Mark is the Chief Marketing Officer for New Orleans & Company. Prior to joining New Orleans & Company, Mark served as President and CEO of New Orleans Tourism Marketing Corporation and the volunteer President and CEO of the 2018 NOLA Foundation, the support arm for the city’s Tricentennial. Mark is involved with numerous New Orleans organizations including the Emeril Lagasse Foundation, Academy of the Sacred Heart, Audubon Nature Institute, the Fore!Kids Foundation, and also serves on the Federal Reserve Bank of Atlanta’s Tour and Travel Advisory Council.

Susan Taylor

Susan is the Executive Director of the New Orleans Museum of Art (NOMA). Since joining NOMA in 2010, Susan has put in place ambitious exhibition, acquisitions, and program initiatives and placed a renewed emphasis on education strategies for families and children. As a result, Susan has positioned NOMA as a center for cultural activity in New Orleans—and at the center of a national conversation about the responsibility of cultural organizations to create and build community. Prior to her time in New Orleans, Susan led the Davis Museum and Cultural Center at Wellesley College and the Princeton University Art Museum.

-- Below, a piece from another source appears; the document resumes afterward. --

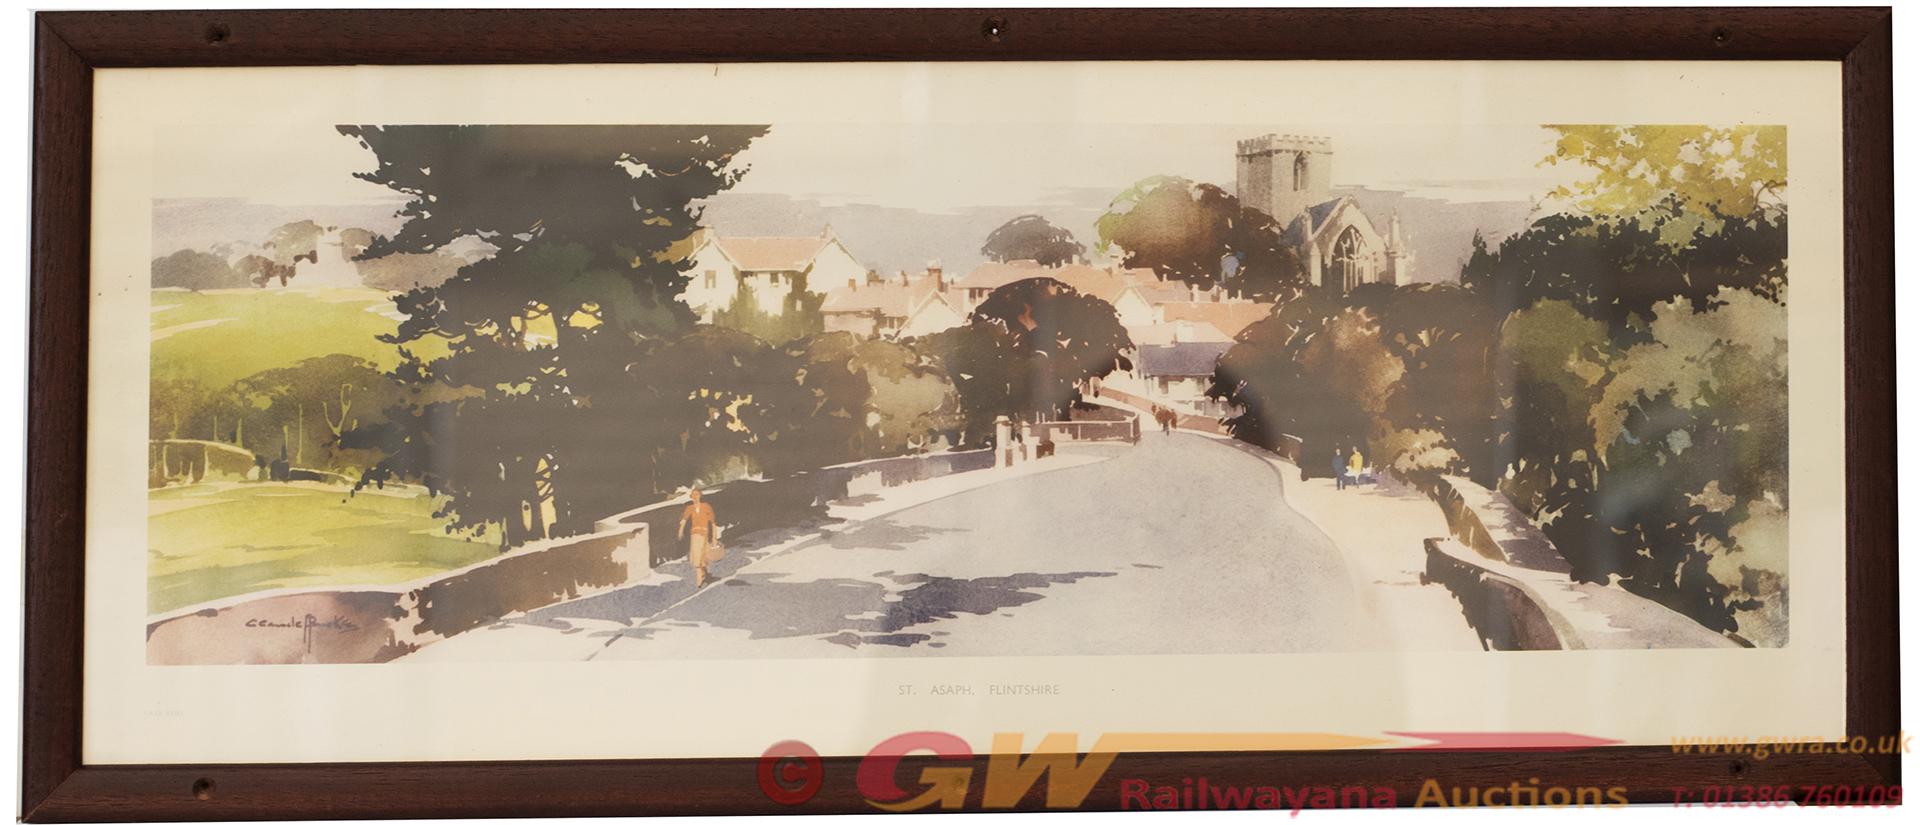 Carriage Print ST ASAPH, FLINTSHIRE By Claude
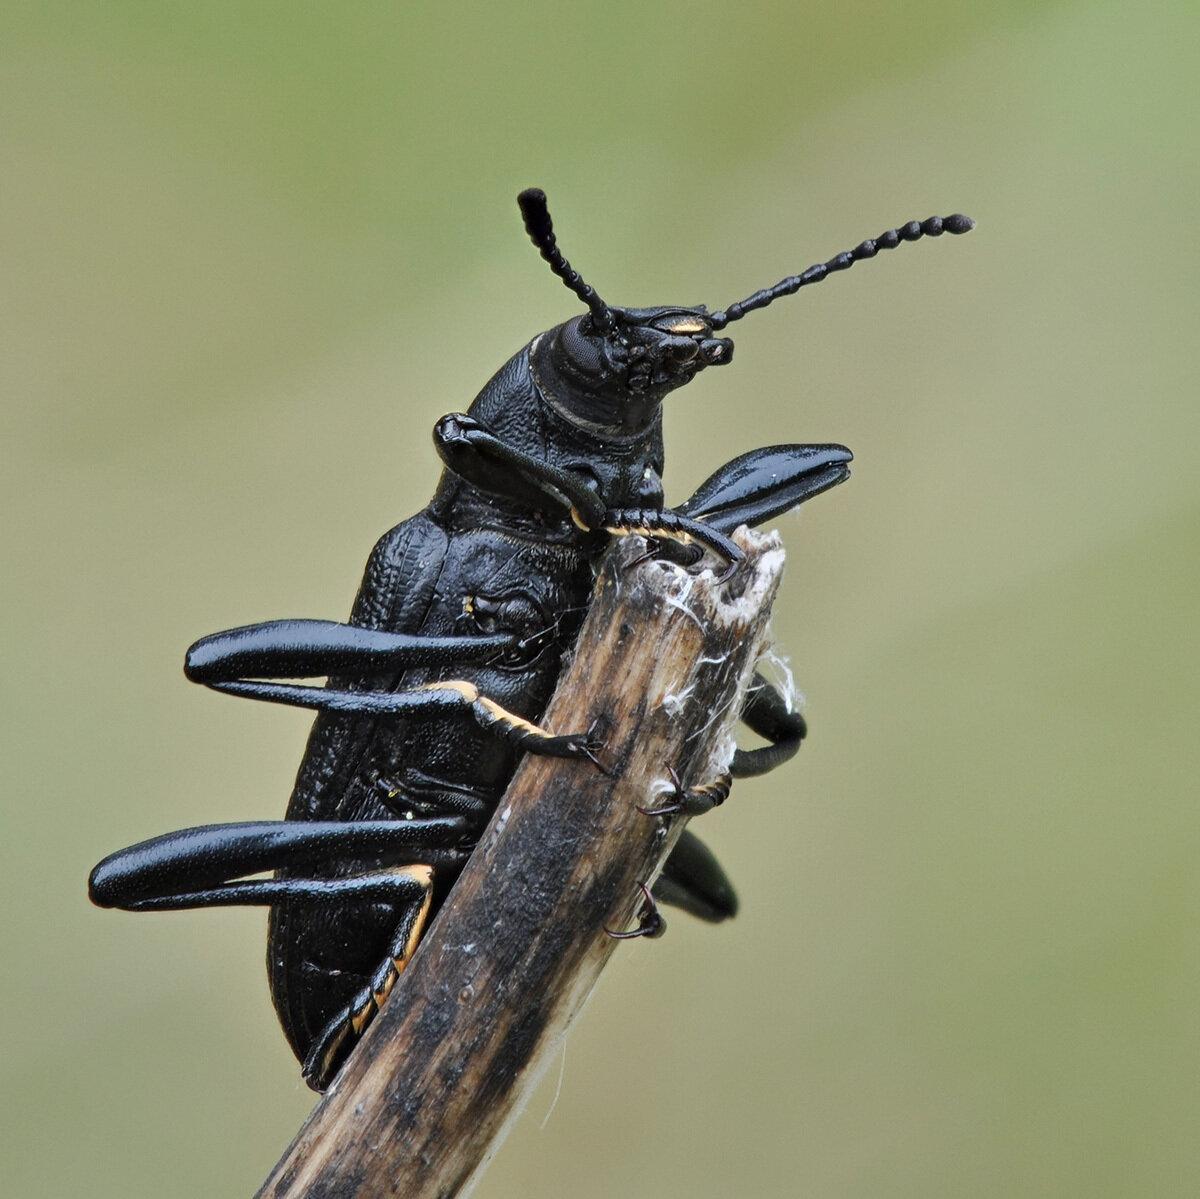 Чернотелка лесная (Upis ceramboide). Автор фото: Владимир Брюхов

Susan is a past president of the Association of Art Museum Directors (AAMD) and served two terms on the AAMD board. Susan was named the 2017 Woman of The Year by New Orleans City Business and is was recognized in the 2019 class of role models by the Young Leadership Counsel.

Marshall Redmon

Photo of Marshall M. Redmon

Marshall is the managing partner of Phelps Dunbar. As leader of a multi-state professional services organization employing about 250 people in NOLA during COVID-19, he guided the firm’s successful transition to a remote environment in early March, as well as the ongoing return to the office. In early April, Marshall led the effort to form LIGHT (Lawyers’ Initiative Giving Hospitals Thanks) which brought together over 30 law firms to raise $150,000 to feed frontline health care workers and support New Orleans's renowned food and music industries.